Excel is your friend
Even if you’re not using it to do any major calculations or tracking mass spending (although I would recommend autosum, friends) using a spreadsheet just to have a table of your spending each month can help you see where your cash is coming and going. You don’t have to do a major breakdown, it can be as simple as just having ‘Food’, ‘Nights out’, etc., but having it so you can see what you *should* end up with at the end of the month.
Cut where you feasibly can
After you build your table and see how much you’re spending on what, see where you need the wiggle room and could use a bigger budget and where you can cut. Realised you could pay for a bus pass and save £20 a month? Do it. Able to sacrifice a coffee a week? That’s another potential £20 in your pocket. Could you start packing your lunch most days, and only spend one weekly lunch out? That could be nearly £100 more in your bank account a month. By doing these small, arguably quite easy changes, you could have way more money to spend on the things you enjoy more, whether it’s a boxing class or a new item of clothing every week or even just more money to spend when you go out.
Plan to save
Nothing is worse than, after figuring out you whole month, some unexpected expense pops up.
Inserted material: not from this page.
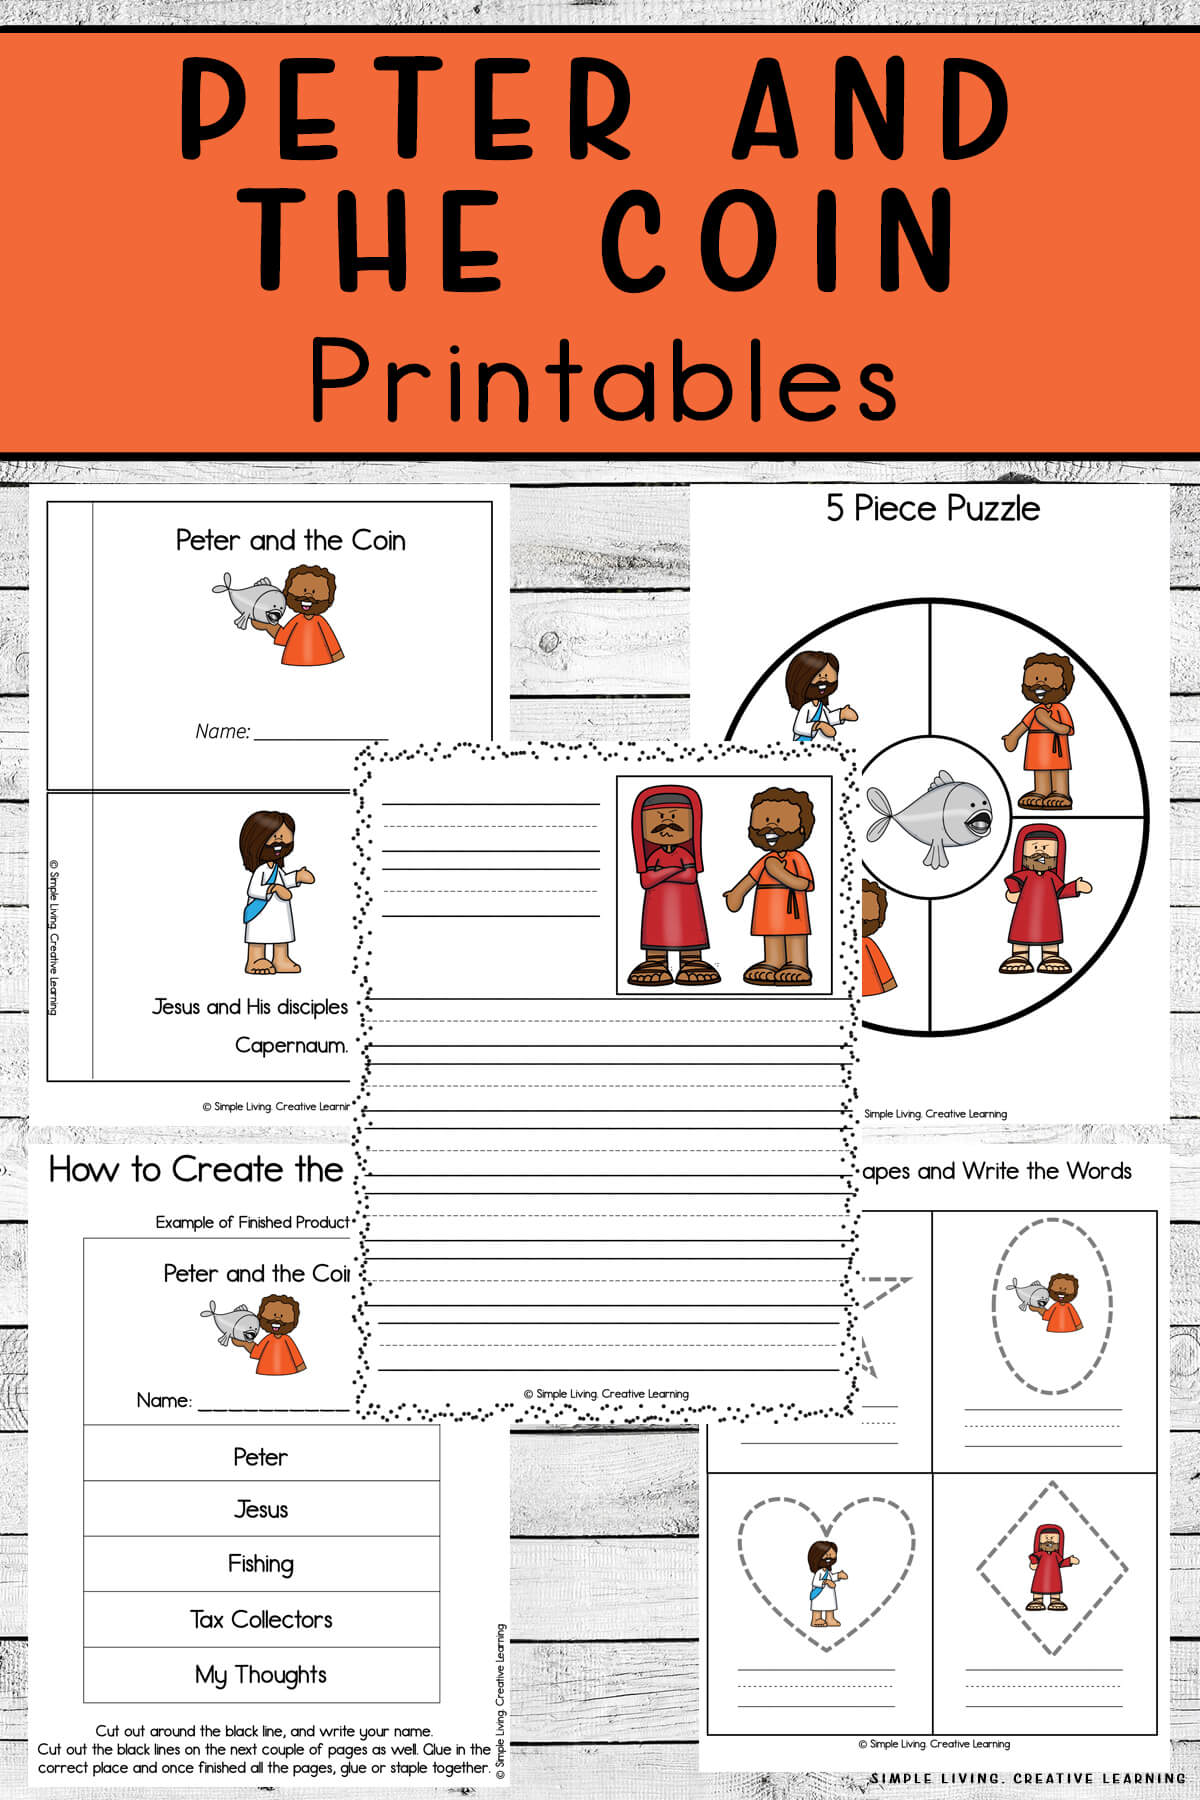 Peter and the Coin Printables

Maybe it’s a cracked phone screen, a late wake up and mad dash to the airport, or an extra big gas bill. Regardless, you want to make sure you have cushion in place so that your whole month isn’t in flux just because of something beyond your control. Try to save a little bit of cash each month (a good rule of thumb is somewhere between 5%-10% of your monthly income) and keep it stashed away FOR REAL. Ultimately, if you don’t end up spending it at the end of the year, you’ll have room for a fun treat, whether it’s just a nice meal or as big as a short holiday. Wiggle room is important, which brings us onto another equally important tip for realistic budgeting...
Make room for treats and splurges
Let’s get real, we all like to (insert Parks and Rec gif) TREAT OURSELVES every once in awhile. My thing is posh meals, your thing might be nice shoes, or blow our weekends, or a show or a class. Whatever it is, give yourself enough dosh to have a bit of fun. Beyond planning for your nights out, plan a bit in for ‘entertainment’ whatever that means to you. This means you won’t end up feeling guilty for spending what would be your food or rent budget on something that you, ultimately, could afford.
Reassess, reassess, reassess
Much like with our first tip, you won’t be able to stick to your budget if you’re not being realistic about how you’re spending. This means that, every couple of months, see how you’re getting on. Maybe you realise your nights out are a lot more expensive because you’ve just moved to a pricier city or you notice that you actually don’t need to spend money on a full bus pass because you’re walking to and from work/class most days. Checking in on where you need more cash and where you could actually cut down will help you spend smarter and have more money for things you care about more.
Whatever you want to spend your money on, get tracking it and be realistic. It may be a bit of work up front, but trust me, it feels empowering as hell (and honestly, like a massive relief) to have your financial shit together.